Dear colleagues, the time scale for the steps leading to decisions for the L0 baseline implementations are the following: - end 1998: define list of requirements to allow comparison (this mail). - 1/4/98: all implementation studies have provided a written document(s) addressing the requirements. - 1/7/98: if possible the trigger group recommends baseline implementations to the LHCb management, if no agreement within the trigger group: we ask for a review board to decide for us. - mid 2001: TDR ready (real deadline given to referees 31/12/2001).

List of items recommended to be fulfilled by the various implementation studies:

1) An overall scheme of the data flow and its hardware implementation from the Front-End via the actual processors to the L0 decision unit, and the L1 buffer of the output of the trigger. For the calorimeters liaise with the FE designers to agree upon the assumptions. Hopefully this will also be possible for the muons soon (maybe January next year a FE responsible will start his work for the muons).

2) A cost estimate based on the above mentioned scheme. Some basic rules . wherever high speed links are involved, do not assume a certain price, single them out to allow an equal (to be recommended by LHCb) cost estimate of these links.
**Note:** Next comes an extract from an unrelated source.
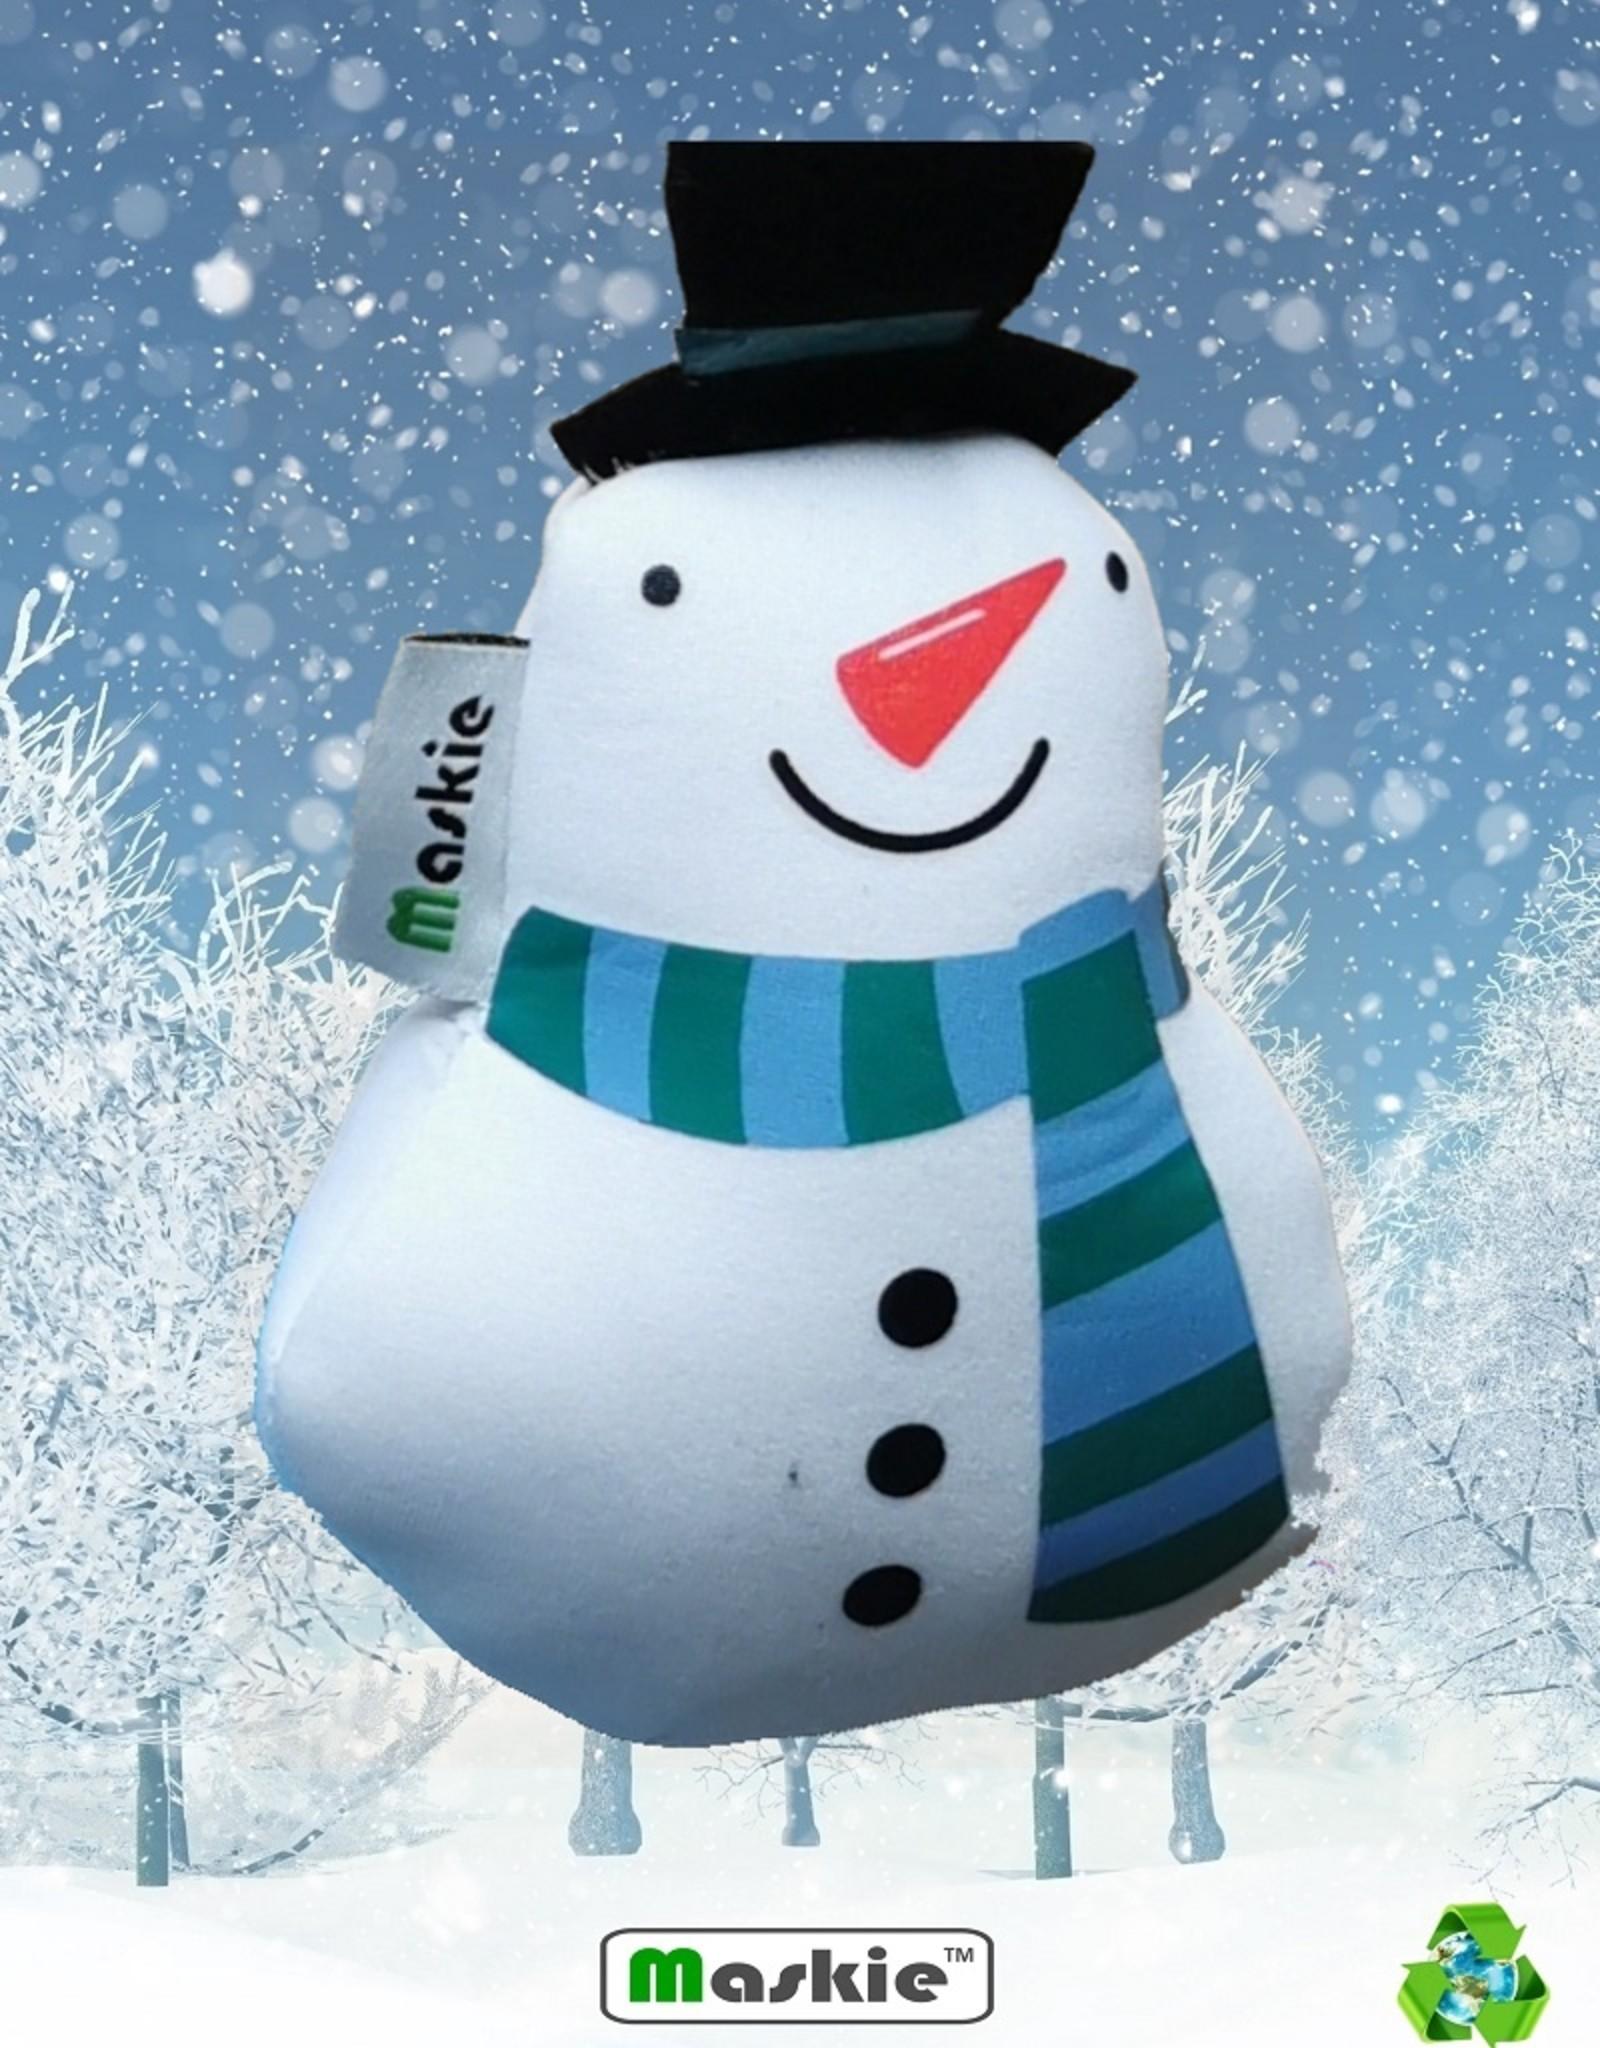 Gratuitement: Sac de bonhomme de neige - pliable

Mention their length (which should be agreed upon with Frank Harris) and band-width. . Always base the price on procurement in 1999. . For components where a large price difference is expected in the future, supply a second price for expectations when bought in 2003. . wherever large scale integration in the FE is assumed, make it clear that the trigger electronics part of these FE boards is included in the trigger price.

3) Wherever the processing is asynchronous: show that the trigger will run up to a sustained luminosity of 5x10**32, or show the loss as a function of L. Typically some simulation of the asynchronous, or other "non-trivial" parts is expected. The baseline generator to provide the input will be decided soon (by the physics group), after which a new sample of MC will be generated.

4) The latency should be provided based on the above overall scheme and the simulation, in agreement with Ioana Videau.

5) Explain what is assumed for the FE synchronisation. How do you synchronise the FE data. How does your system deal with parts of your system (or the FE) having missed a clock, or suffers from single-event-upsets. How are these detected, how long to reset them, etc.. How is your system monitored/debugged. Yuri Ermolin has agreed to look into these items, and collect and compare the various scenarios.

6) If your solution restricts the algorithm as being implemented in SICB, provide the corresponding code to be able to check the physics consequences of these changes. Please check with the coordinators for muons (Renaud Le Gac) and calorimeters (Ivan Korolko) that they are aware of your special requirements, and that the performance of your algorithm is checked against noise/pile-up/background etc... in an identical way. All studies to be performed with the baseline generator as outlined above. We will have to fix a certain cal/muon lay-out, and cannot wait for "final" detector implementation decisions.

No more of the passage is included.